> On Mon, 1 Oct 2018, Richard Biener wrote:
>
> >
> > I notice that for Zen we create
> >
> > 0.00 │ vhaddp %ymm3,%ymm3,%ymm3
> > 1.41 │ vperm2 $0x1,%ymm3,%ymm3,%ymm1
> > 1.45 │ vaddpd %ymm1,%ymm2,%ymm2
> >
> > from reduc_plus_scal_v4df which uses a cross-lane permute vperm2f128
> > even though the upper half of the result is unused in the end
> > (we only use the single-precision element zero). Much better would
> > be to use vextractf128 which is well-pipelined and has good throughput
> > (though using vhaddp in itself is quite bad for Zen I didn't try
> > benchmarking it against open-coding that yet, aka disabling the
> > expander).
>
> So here's an actual patch that I benchmarked and compared against
> the sequence generated by ICC when tuning for core-avx. ICC seems
> to avoid haddpd for both V4DF and V2DF in favor of using
> vunpckhpd plus an add so this is what I do now. Zen is also happy
> with that in addition to the lower overall latency and higher
> throughput "on the paper" (consulting Agners tables).
>
> The disadvantage for the V2DF case is that it now needs two
> registers compared to just one, the advantage is that we can
> enable it for SSE2 where we previously got psrldq + addpd
> and now unpckhpd + addpd (psrldq has similar latency but eventually the
> wrong non-FP "domain"?).
>
> It speeds up 482.sphinx3 on Zen with -mprefer-avx256 by ~7% (with
> -mprefer-avx128 the difference is in the noise). The major issue
> with the old sequence seems to be throughput of hadd and vperm2f128
> with the two parallel reductions 482.sphinx3 performs resulting in
> even worse latency while with the new sequence two reduction sequences
> can be fully carried out in parallel (on Zen).
>
> Bootstrap and regtest running on x86_64-unknown-linux-gnu.
>
> OK for trunk?
>
> The v8sf/v4sf reduction sequences and ix86_expand_reduc probably
> benefit from similar treatment (ix86_expand_reduc from first reducing
> %zmm -> %ymm -> %xmm).
>
> Thanks,
> Richard.
>
> 2018-10-02 Richard Biener <[email protected]>
>
> * config/i386/sse.md (reduc_plus_scal_v4df): Avoid the use
> of haddv4df, first reduce to SSE width and exploit the fact
> that we only need element zero with the reduction result.

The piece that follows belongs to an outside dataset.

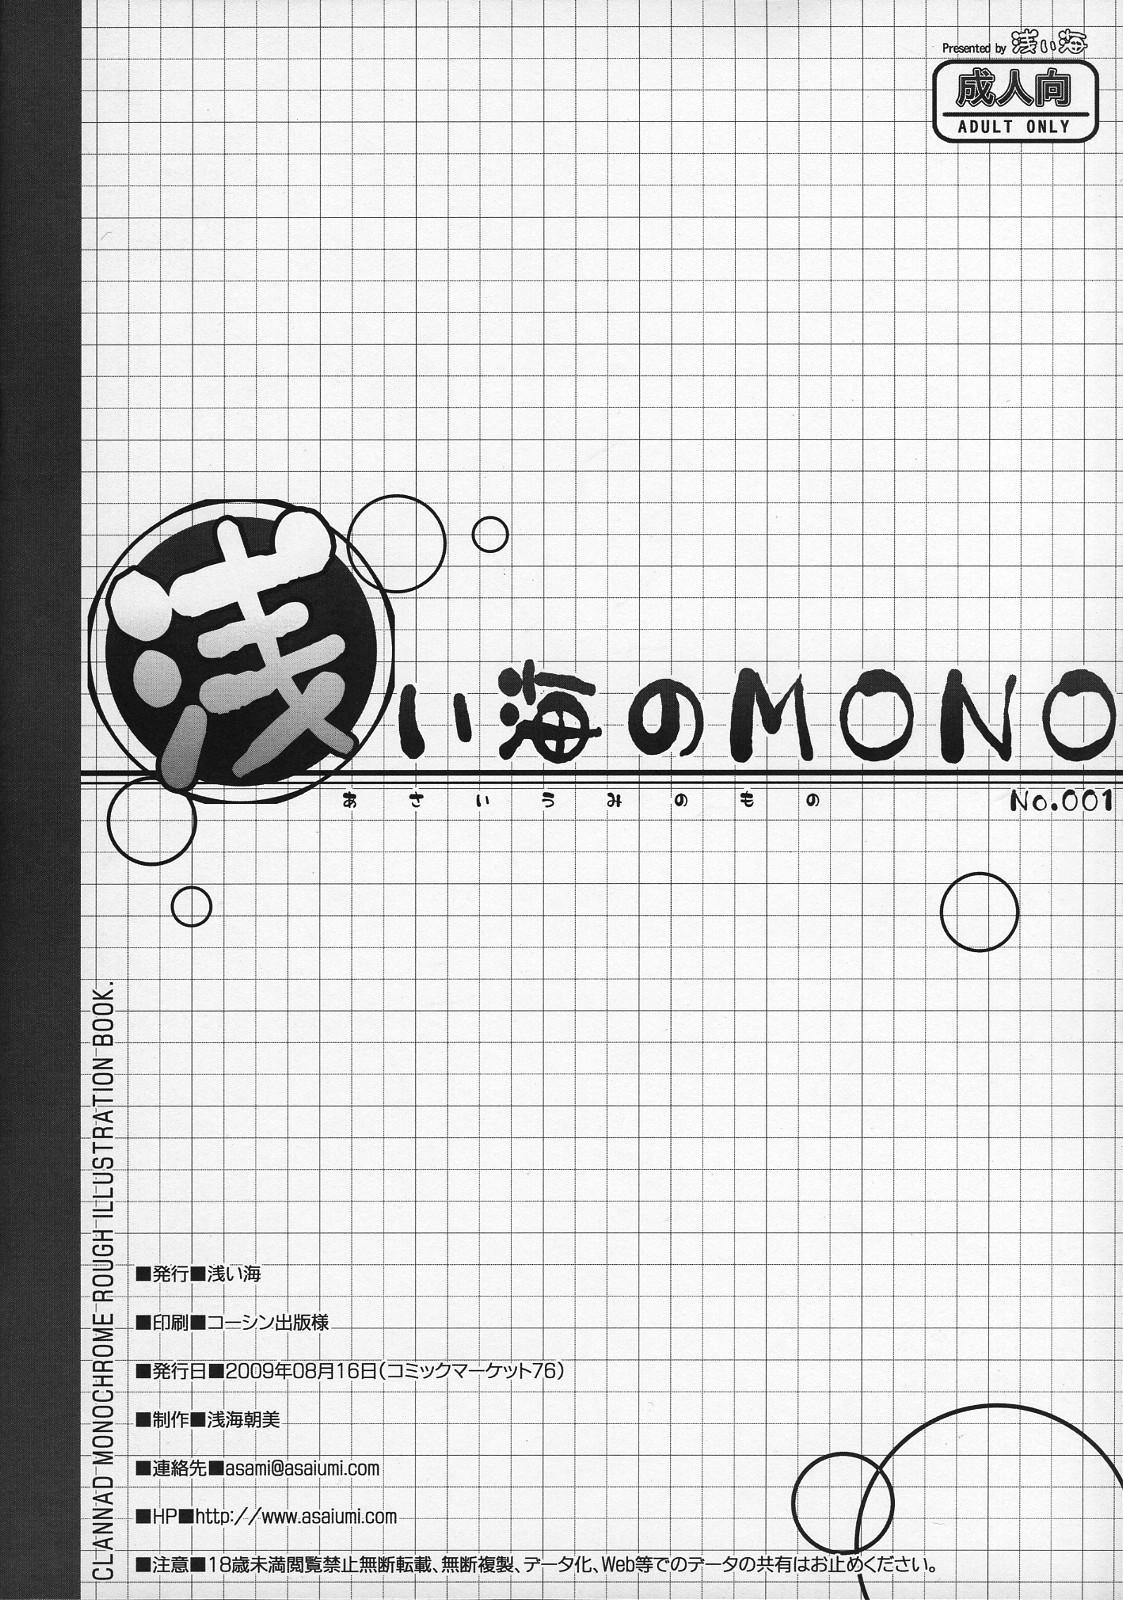 Asaiumi no MONO No.001 11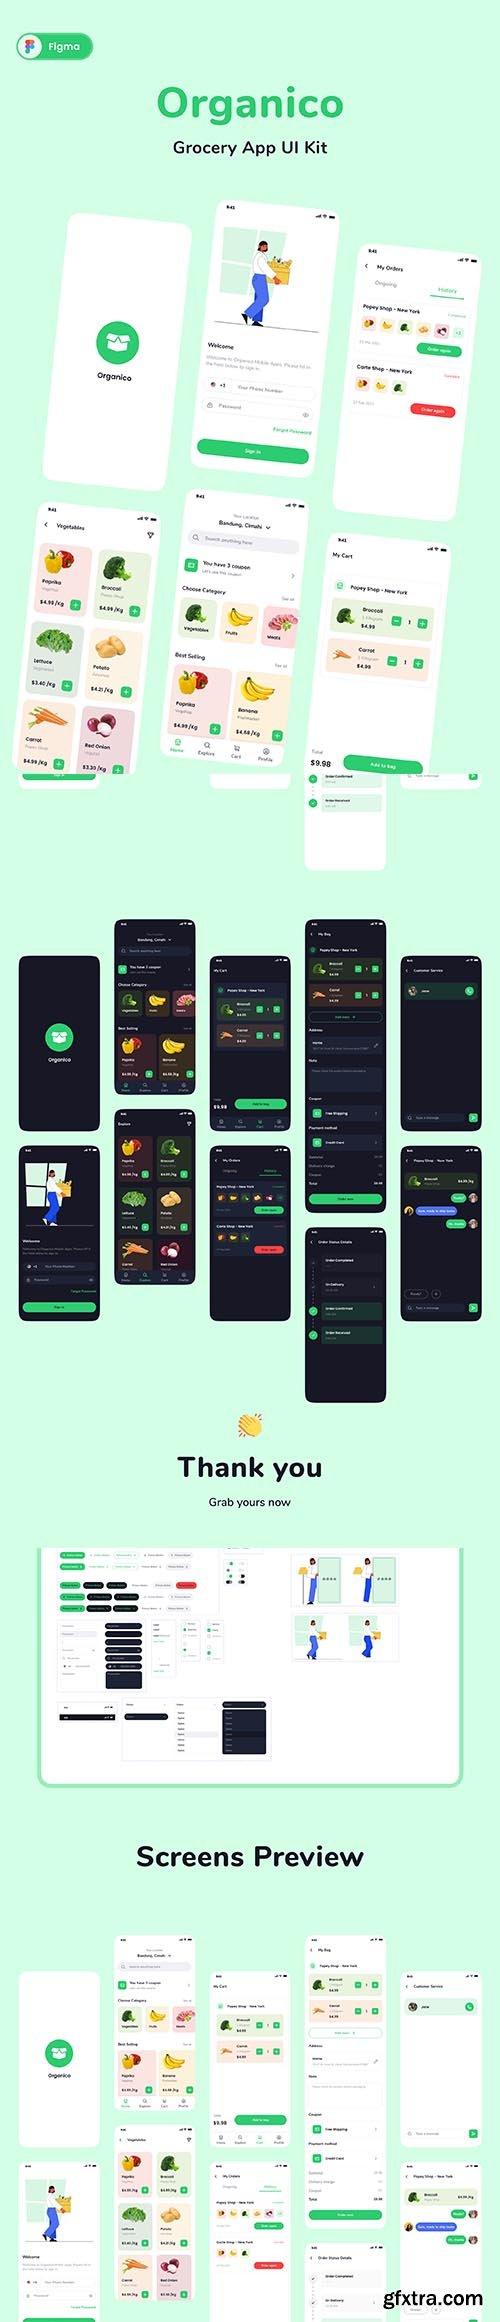 Organico Grocery App UI KIT

> (reduc_plus_scal_v2df): Likewise.
OK,
thanks!
Honza
>
> Index: gcc/config/i386/sse.md
> ===================================================================
> --- gcc/config/i386/sse.md (revision 264758)
> +++ gcc/config/i386/sse.md (working copy)
> @@ -2473,24 +2473,28 @@ (define_expand "reduc_plus_scal_v4df"
> (match_operand:V4DF 1 "register_operand")]
> "TARGET_AVX"
> {
> - rtx tmp = gen_reg_rtx (V4DFmode);
> - rtx tmp2 = gen_reg_rtx (V4DFmode);
> - rtx vec_res = gen_reg_rtx (V4DFmode);
> - emit_insn (gen_avx_haddv4df3 (tmp, operands[1], operands[1]));
> - emit_insn (gen_avx_vperm2f128v4df3 (tmp2, tmp, tmp, GEN_INT (1)));
> - emit_insn (gen_addv4df3 (vec_res, tmp, tmp2));
> - emit_insn (gen_vec_extractv4dfdf (operands[0], vec_res, const0_rtx));
> + rtx tmp = gen_reg_rtx (V2DFmode);
> + emit_insn (gen_vec_extract_hi_v4df (tmp, operands[1]));
> + rtx tmp2 = gen_reg_rtx (V2DFmode);
> + emit_insn (gen_addv2df3 (tmp2, tmp, gen_lowpart (V2DFmode, operands[1])));
> + rtx tmp3 = gen_reg_rtx (V2DFmode);
> + emit_insn (gen_vec_interleave_highv2df (tmp3, tmp2, tmp2));
> + emit_insn (gen_adddf3 (operands[0],
> + gen_lowpart (DFmode, tmp2),
> + gen_lowpart (DFmode, tmp3)));
> DONE;
> })
>
> (define_expand "reduc_plus_scal_v2df"
> [(match_operand:DF 0 "register_operand")
> (match_operand:V2DF 1 "register_operand")]
> - "TARGET_SSE3"
> + "TARGET_SSE2"
> {
> rtx tmp = gen_reg_rtx (V2DFmode);
> - emit_insn (gen_sse3_haddv2df3 (tmp, operands[1], operands[1]));
> - emit_insn (gen_vec_extractv2dfdf (operands[0], tmp, const0_rtx));
> + emit_insn (gen_vec_interleave_highv2df (tmp, operands[1], operands[1]));
> + emit_insn (gen_adddf3 (operands[0],
> + gen_lowpart (DFmode, tmp),
> + gen_lowpart (DFmode, operands[1])));
> DONE;
> })
>